The detection method of the chlorophyll concentration comprises the following steps: the liquid to be measured enters from the sealed water inlet 44, light beams emitted by the laser light source 1 pass through the chlorophyll fluorescence excitation band-pass filter 22, the chlorophyll fluorescence excitation band-pass filter 22 selects light with a wave band of 400-550 nm, and then the light beams are coupled into the high reflection cavity 41 through the light beam coupler 3, the light beams entering the high reflection cavity 41 can continuously and highly reflect on the inner cavity wall, and are fully contacted with the liquid to be measured for many times and excite the liquid to generate fluorescence signals, meanwhile, the excitation light beams are contacted with the metal layer 42 arranged in the cavity under the reflection effect and excite to generate a surface plasma resonance fluorescence enhancement effect, and are contacted with the nanoparticle layer 43 in the cavity and excite to generate a surface fluorescence enhancement effect, and the fluorescence signals can be continuously enhanced and amplified under the dual effects of cavity enhancement and surface plasma resonance.
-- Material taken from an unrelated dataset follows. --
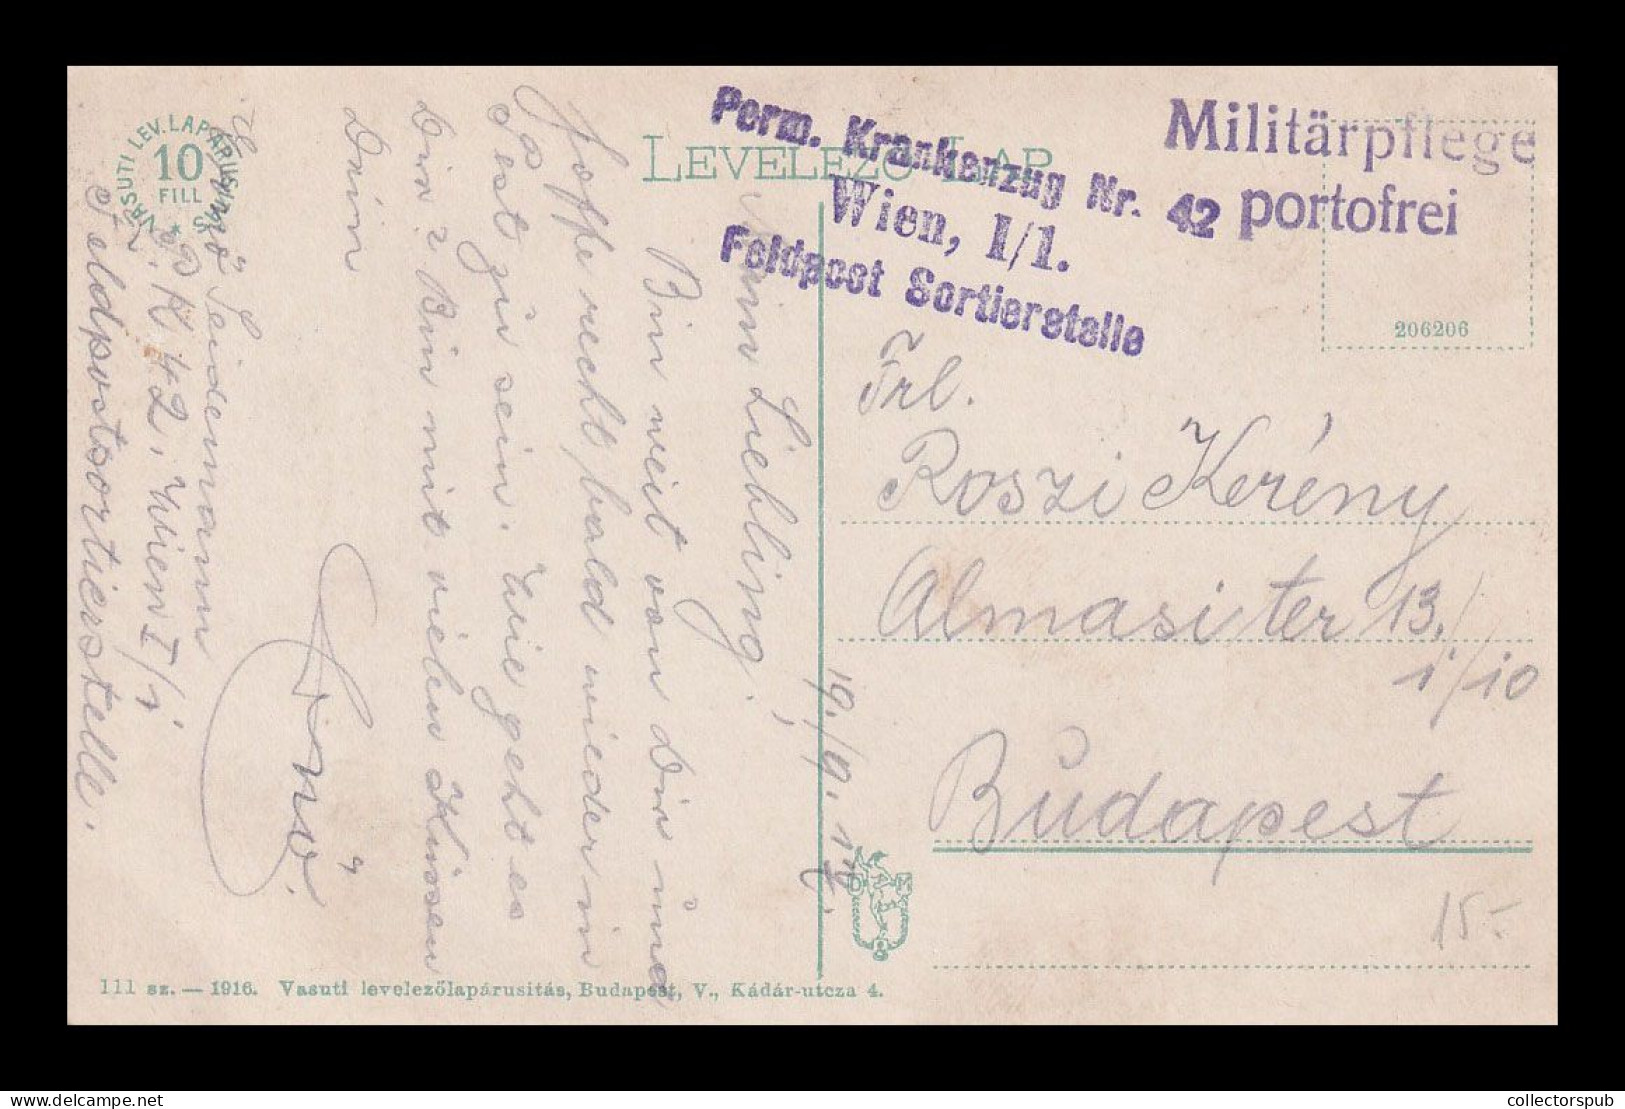 KOLOZSVÁR WWI Vintage Postcard With Fieldpost 1917. - Hungary

The long-wavelength-pass filter 5 reflects light with a wavelength less than 630nm, light with a wavelength greater than 630nm and containing enhanced fluorescent signals passes through, the fluorescent signals after undergoing cavity enhancement and surface plasmon resonance dual enhancement amplification undergo a converging effect through the focusing lens 6, enter the optical information receiving unit 7 to be received, and finally parameters such as the concentration of chlorophyll with ultralow concentration are collected and processed through the optical information processing unit 8.